Recipe by Bert's Kitchen Witch
This is a Greek recipe for Pork that I copied from a magazine a few years ago. Unfortunately, I do not remember the name of the magazine. It was on Mediterranean Cooking, and I have since given it away to a friend.
Top Review by FLKeysJen
I have never worked with coriander seeds and what a great flavor and scent! I toasted them first and the whole house smelled good, then put it a plastic bag and pounded them with a meat tenderizer. This is good and you can definitely taste both the wine and coriander. I leave four stars instead of five only because I had lots of liquid leftover at the end. I'm not sure why it didn't burn off but it would be nice to turn it into a thick sauce which I may try if it happens again next time.
- 1 1⁄2 lbs pork loin (cubed in 1-inch pieces)
- 1⁄2 teaspoon sea salt
- 1⁄2 teaspoon black pepper
- 2 cups dry red wine
- 2 tablespoons coriander seeds (crushed well)
- 3 tablespoons olive oil
Directions See How It's Made
- Season the pork cubes with the salt, and pepper.

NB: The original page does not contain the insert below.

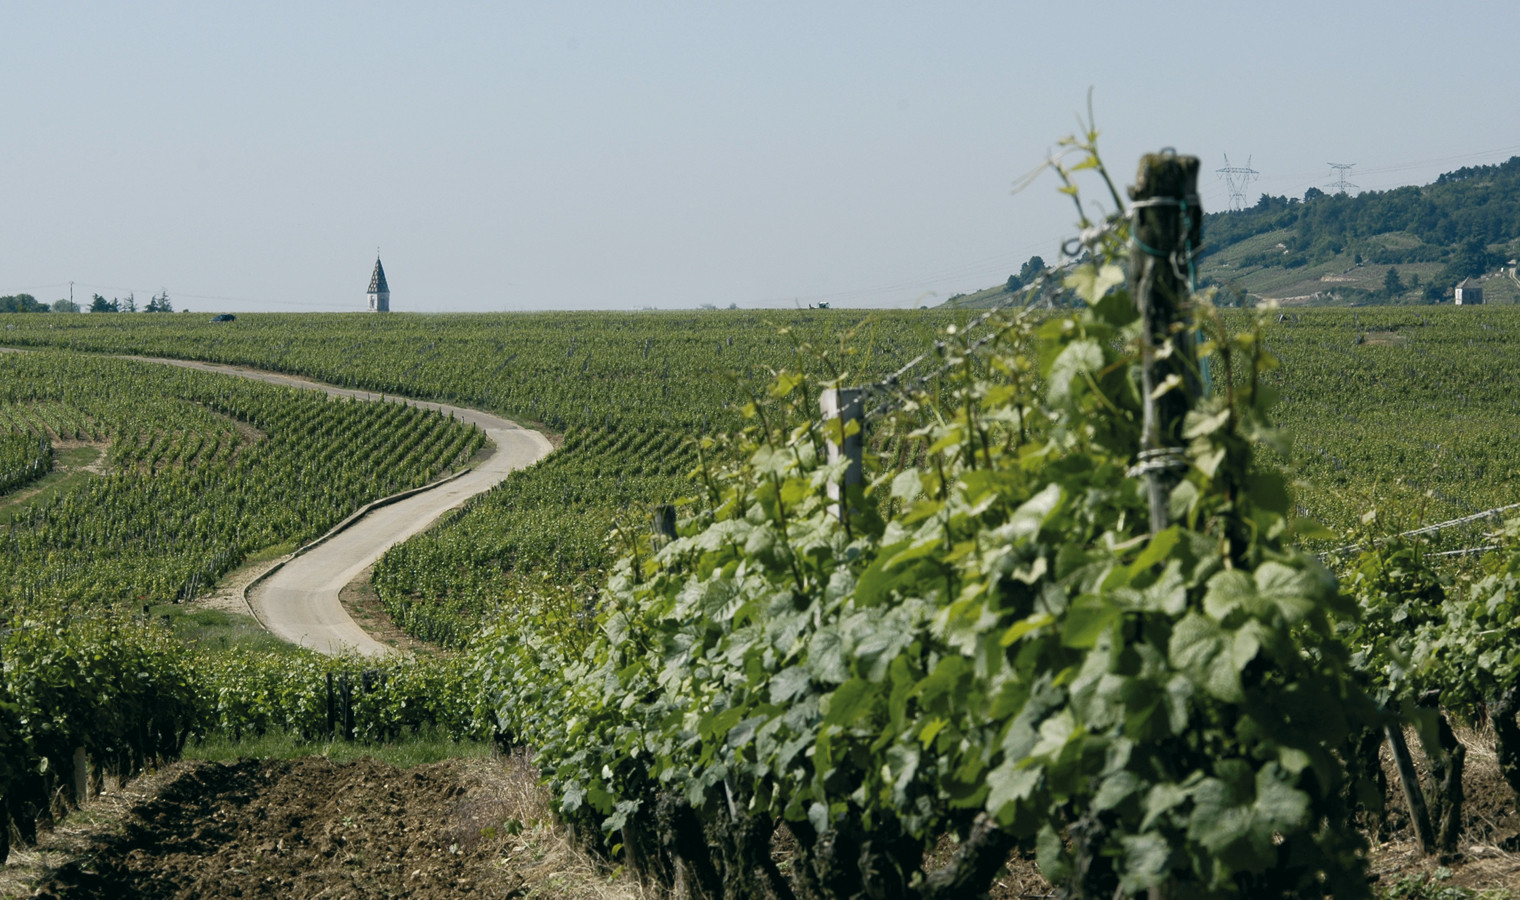 C te d or burgundy golden vineyards wine tasting relaxation le splendide voyage - The splendid transformation of a vineyard in burgundy ...

- Combine the coriander seeds with the wine in a large dish, add pork, and cover.
- Refrigerate for 2-4 hours, stirring once or twice.
- Heat oil in a large enough pot.
- Using a slotted spoon, remove pork from the wine marinade, and reserve the marinade.
- Brown pork, turning frequently,until well browned on all sides, about 10 minutes.
- Add reserved marinade back into pot.
- Add enough water to just cover the meat.
- Bring to a boil.
- Reduce heat, cover pot, and simmer 30-45 minutes, until meat is fork tender and most of the liquid has evaporated.
- Taste, and re season with more salt and pepper, if desired.